Thread: Reverse Engineering Custom LZ Variant

  1. #1
    Member
    Join Date
    Jul 2019
    Location
    Somewhere
    Posts
    4
    Thanks
    2
    Thanked 0 Times in 0 Posts

    Reverse Engineering Custom LZ Variant

    Hello,

    I am not really skilled at compression types, but trying to improve myself. I am currently looking at some files from a game. I feel like it is using some kind of a LZ variant, but I haven't seen any noticeable stuff like flags or literal counts. That led me to believe that it is a custom variant. I might be wrong, and it might be something already being used though.

    I have attached 2 file samples. I included compressed text data, since it is easier to guess the decompressed result. Here is an example screenshot.

    Click image for larger version. 

Name:	sample1-ss.png 
Views:	238 
Size:	17.0 KB 
ID:	6720

    First 4 bytes is probably the decompressed size, then starts the compressed data. The decompressed output should go something like :

    "EXPSKIN X:\DATAS\_MASTER\G????\CHARACTERS\DEMONIC\PLAYER\M ESHPWP..."

    You can see in the data CHARAC(00 10) and PLAY(00 20). I am suspecting 0x10 and 0x20 to be offsets to the output/history buffer for copying "TER"/"ER" from "MASTER". I don't know how copy count is specified though. Also don't see any flags for literals.

    Any help and idea is greatly appreciated. Thank you.
    Attached Files Attached Files

  2. #2
    Administrator Shelwien's Avatar
    Join Date
    May 2008
    Location
    Kharkov, Ukraine
    Posts
    3,134
    Thanks
    179
    Thanked 921 Times in 469 Posts
    Both samples start with 26 literals, followed by 4 bytes of mask (big-endian; bit31 to bit0; 0=literal, 1=match).
    Matches look like 16-bit, "00 10" means "length=4, distance=16" so maybe something like DDDDllll dddddddd layout (minlen=4).
    Needs further investigation though.

  3. The Following User Says Thank You to Shelwien For This Useful Post:

    rhysling (18th July 2019)

  4. #3
    Member
    Join Date
    Jul 2019
    Location
    Somewhere
    Posts
    4
    Thanks
    2
    Thanked 0 Times in 0 Posts
    Thank you for your reply. It is indeed exactly like you said, I kind of figured out the 4 bytes mask when the forums were down

    The only remaining problem seems like the match length. I can't understand how that is coded.

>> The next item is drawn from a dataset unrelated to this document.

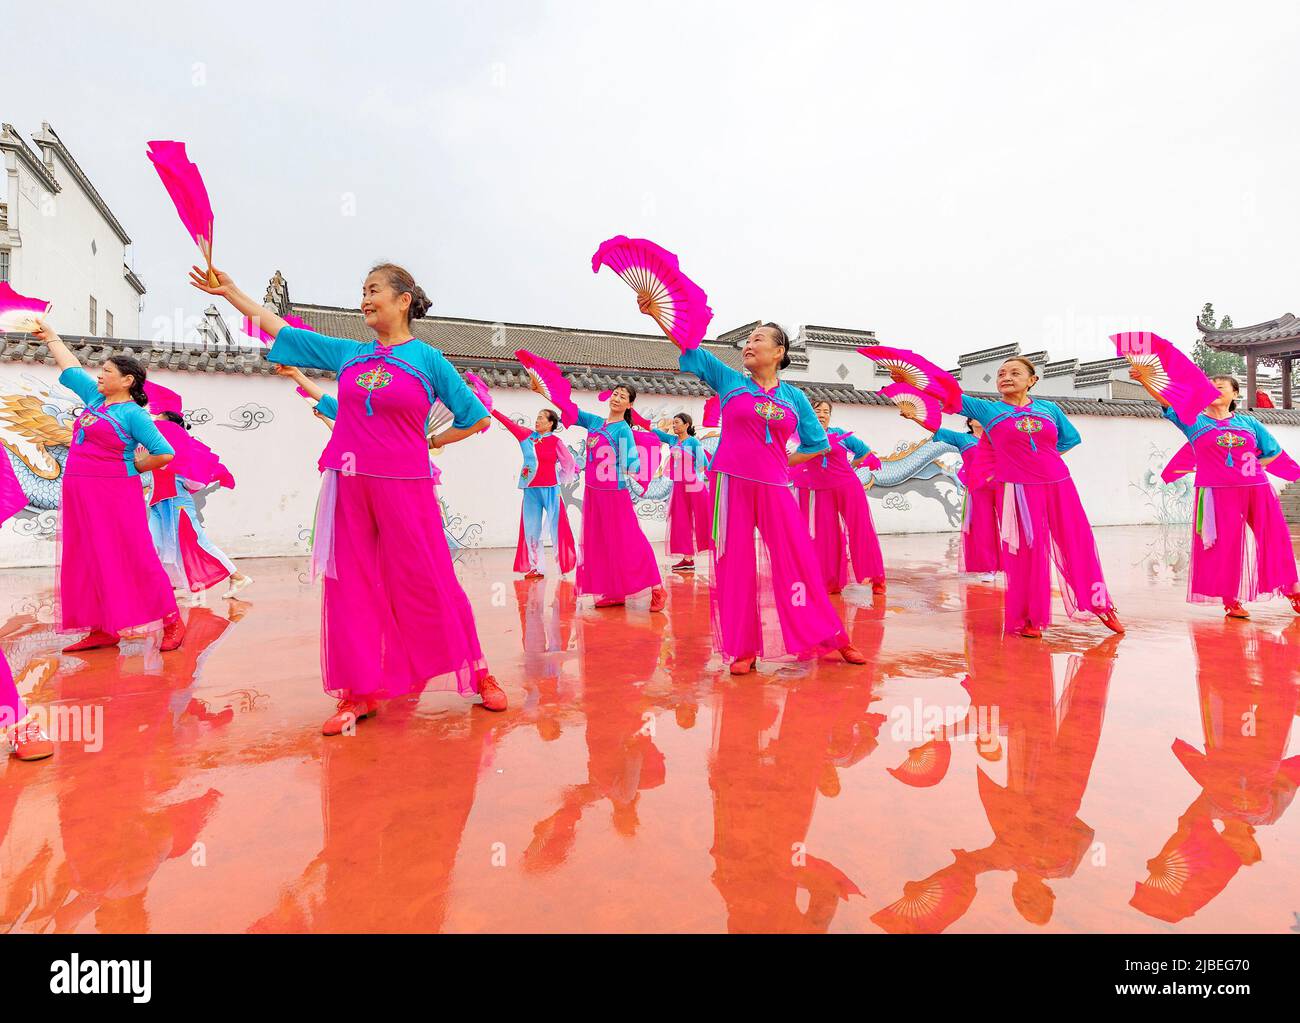 SUQIAN, CHINA - JUNE 5, 2022 - More than 30 bodybuilders sing and dance at the Lakeside Shuanglong Stage to celebrate World Environment Day in Suqian, Stock Photo

    I have decompressed the part of the data more properly now using the mask and given offsets. It goes like this :

    EXPSKIN X:\DATAS\_MASTER\G_DATA\CHARACTERS\DEMONIC\PLAYER\ MESHPWP\PLAYER_SKIN.TSKIN


    I think the minlen should be 3 in this case, because "00 10" copies "TER" and "00 20" copies "ER\". Still I have noticed some inconsistencies with the first byte (assumed match length). Both the words "DATA" and "SKIN has matches. For the first one it is coded as (length, distance) : "40 0F" and for the second one it is : "08 45". So distance is correct for both, but the lengths are different. I mean both of them supposed to copy 4 bytes, but I don't get why they have different values.

    That is the only mystery remaining to me. I couldn't make much sense of that 1st byte. Thanks for your help.

    Quote Originally Posted by Shelwien View Post
    DDDDllll dddddddd layout (minlen=4).
    I didn't get this part. Can you elaborate it a bit?
    Last edited by rhysling; 18th July 2019 at 19:00.

  5. #4
    Administrator Shelwien's Avatar
    Join Date
    May 2008
    Location
    Kharkov, Ukraine
    Posts
    3,134
    Thanks
    179
    Thanked 921 Times in 469 Posts
    Here's my attempt to make a decoder.
    I think it at least correctly parses masks, and 5/11 split for len/dist also seems to work.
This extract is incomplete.